Intermediate mass ‘missing link’ black hole identified

An artist’s impression shows the spiralling trail of debris from a passing star as it is being ripped apart the gravity of an intermediate mass black hole. Image: Image: NASA, ESA, D. Player (STSciI)

Studying the site of a presumed tidal disruption event in which a passing star was ripped apart by a black hole’s enormous gravity, astronomers have found what appears to be the best evidence yet for an intermediate-mass black hole, a long-sought “missing link” between stellar-mass holes and the supermassive gravity wells at the cores of large galaxies.

The black hole in question has about 50,000 times the mass of the Sun. That’s far more than what might be expected of a black hole formed in the wake of a single supernova blast but far less than the millions to billions of solar masses found in supermassive black holes.

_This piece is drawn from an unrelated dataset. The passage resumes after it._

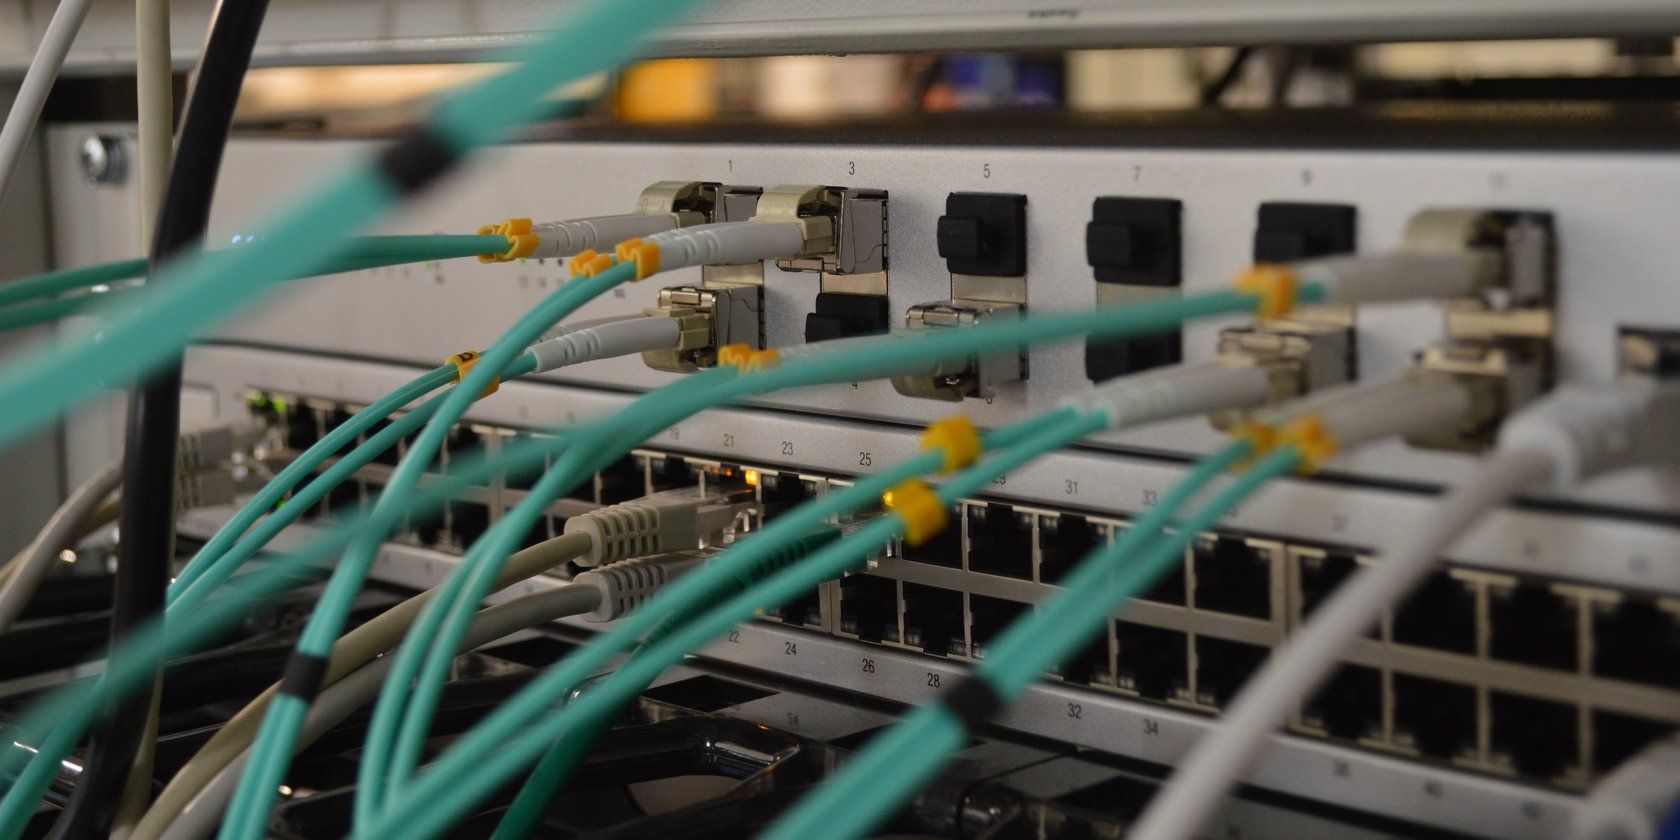 Cables in a white ethernet switch.

NASA’s Chandra X-ray Observatory and the European Space Agency’s X-ray Multi-Mirror Mission both detected a powerful X-ray flare in 2006. Researchers tentatively attributed the burst, catalogued as 3XMM J215022.4−055108, to a tidal disruption event, but were unable to determine if the flare originated inside or outside the Milky Way.

Enter the Hubble Space Telescope. Dacheng Lin of the University of New Hampshire used Hubble to collect high-resolution imagery showing the flare occurred in a star cluster on the outskirts of another galaxy.

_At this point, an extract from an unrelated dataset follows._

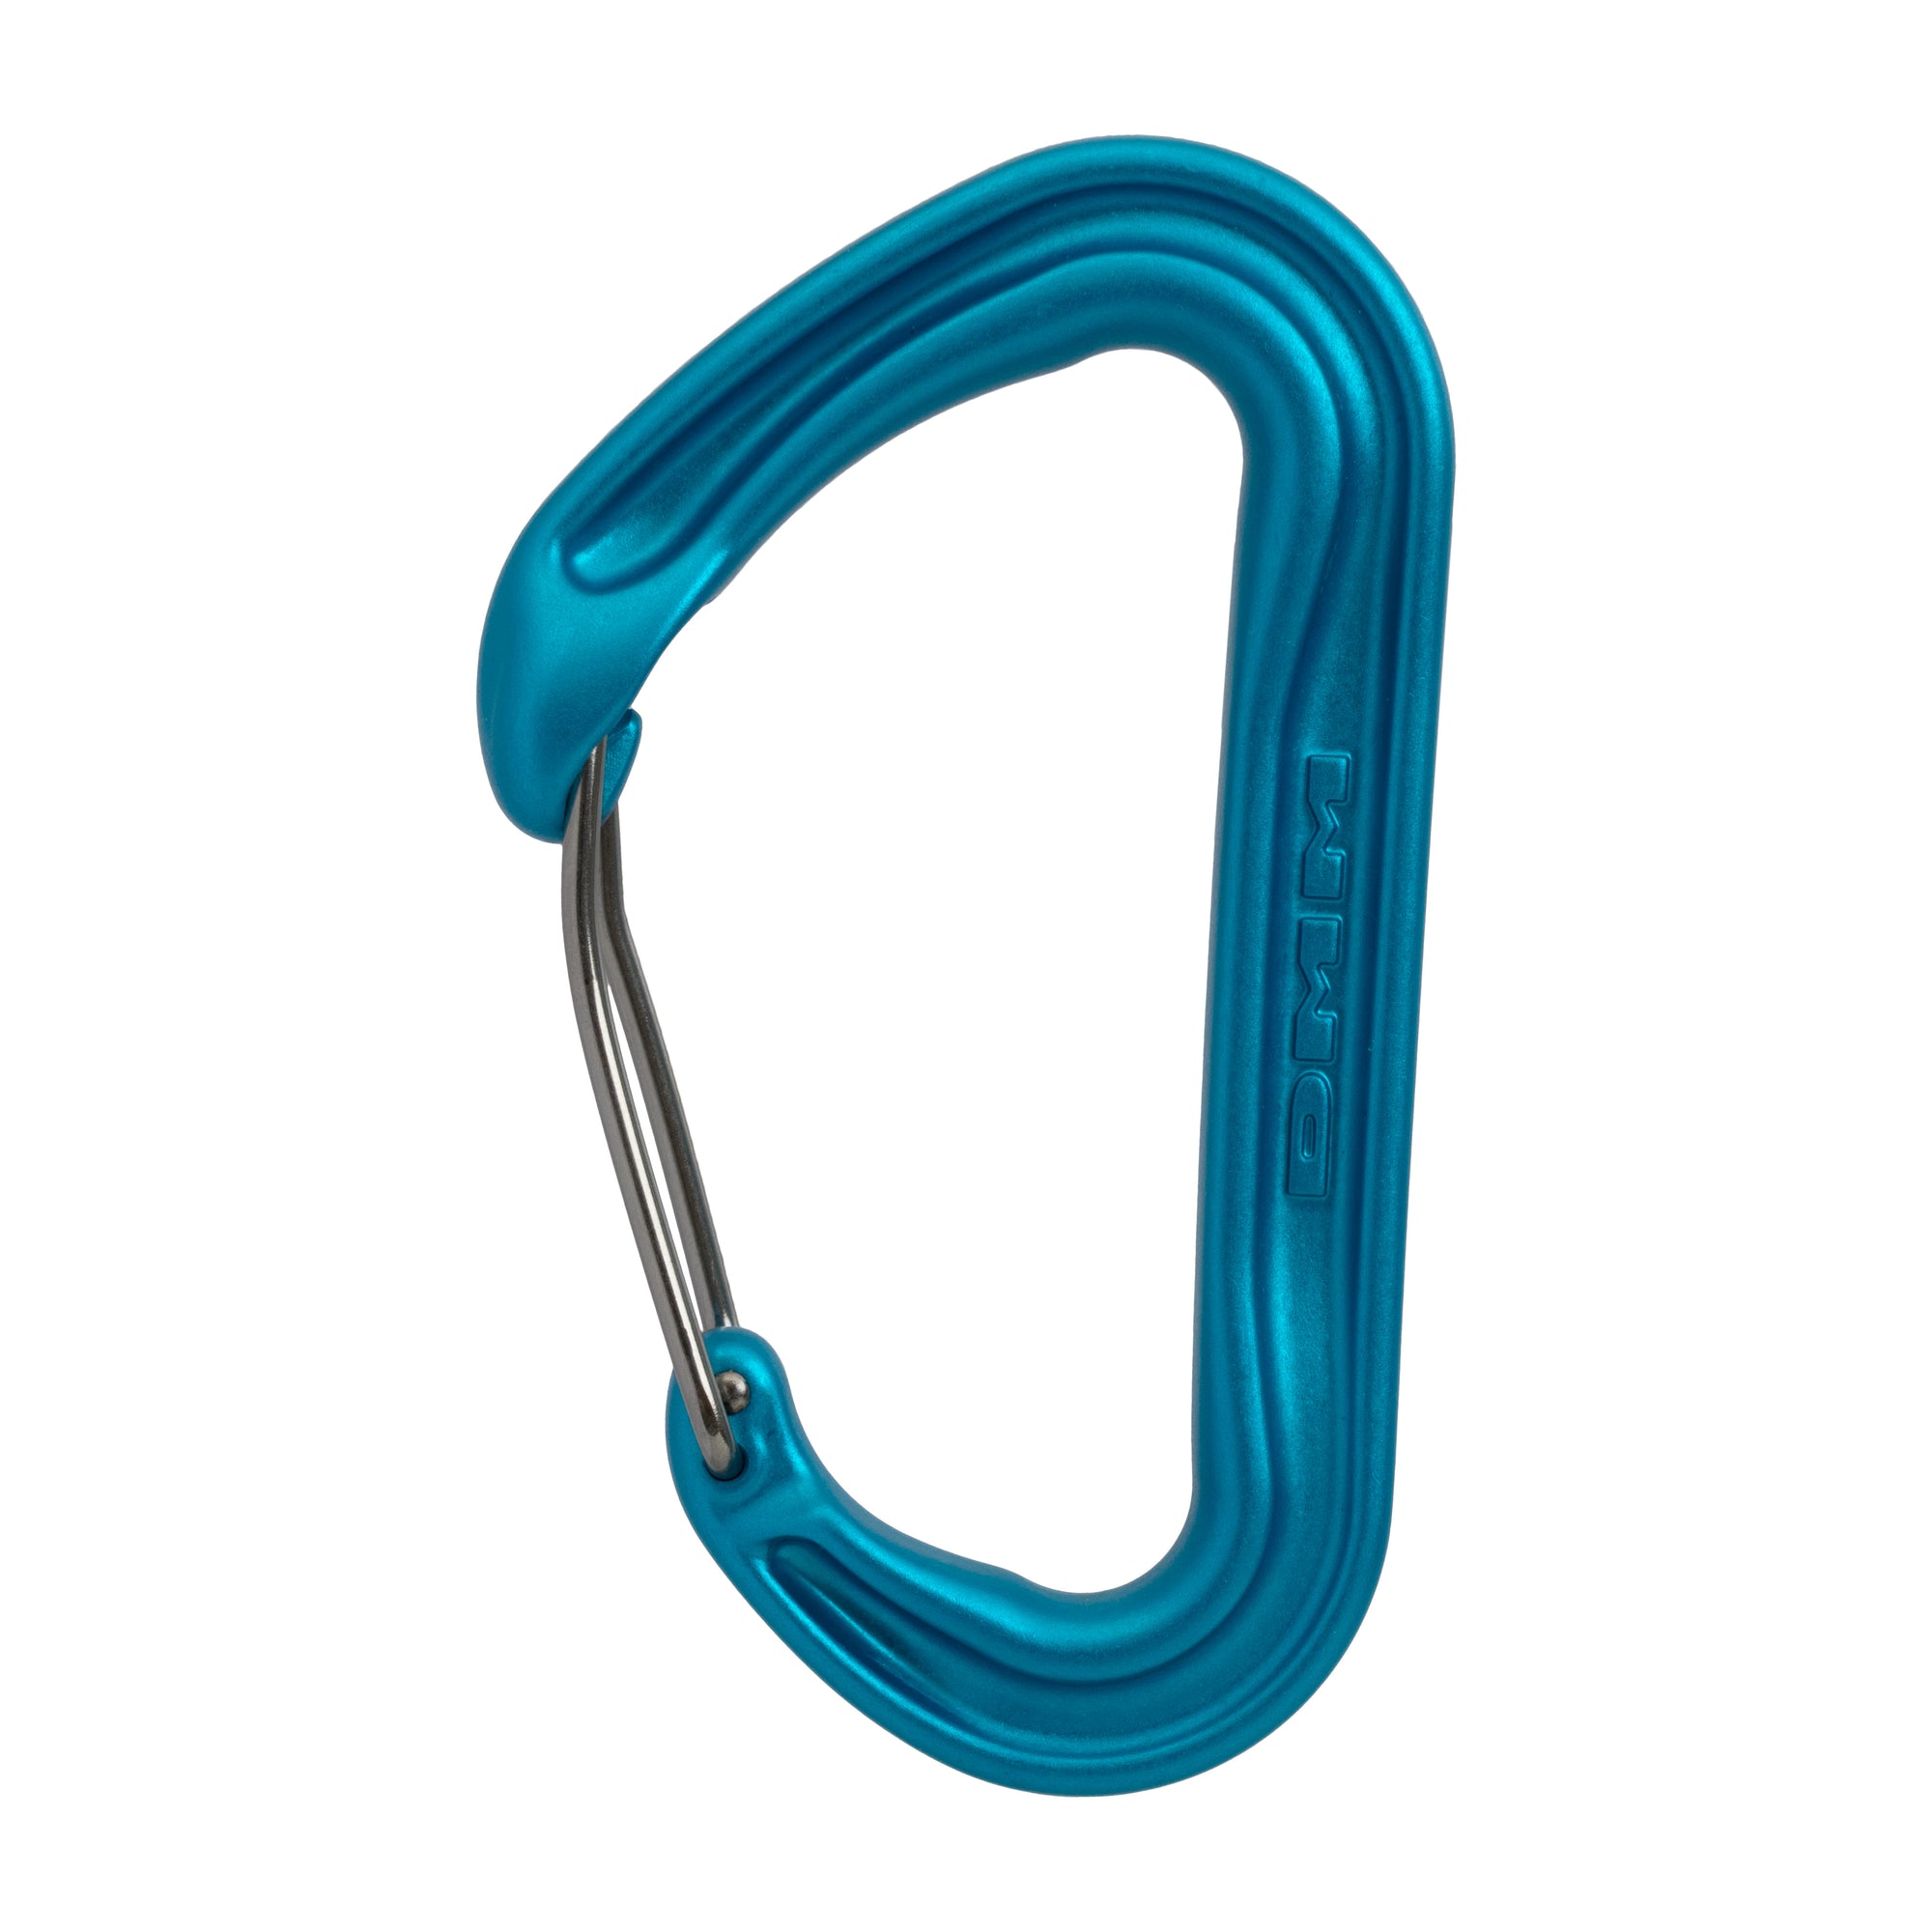 DMM Aether Carabiner Turquoise

The Hubble Space Telescope’s Advanced Camera for Surveys shows the location (circled) of an intermediate-mass black hole with more than 50,000 times the mass of the Sun. The black hole resides in a star cluster on the outskirts of the bright galaxy at the centre of the image. Image: NASA, ESA, D. Lin (University of New Hampshire)

The cluster may be the sparsely populated core of a dwarf galaxy that has been disrupted by gravitational interactions with the larger galaxy, providing the sort of environment conducive to the development of an intermediate-mass black hole, or IMBH.

The mass estimate of 3XMM J215022.4−055108 was based on the X-ray luminosity and spectra, which evolved in a manner consistent with well-understood black hole accretion processes.

“Intermediate-mass black holes are very elusive objects, and so it is critical to carefully consider and rule out alternative explanations for each candidate,” said Lin. “That is what Hubble has allowed us to do for our candidate.”

A paper describing the research was published in the 31 March issue of The Astrophysical Journal Letters.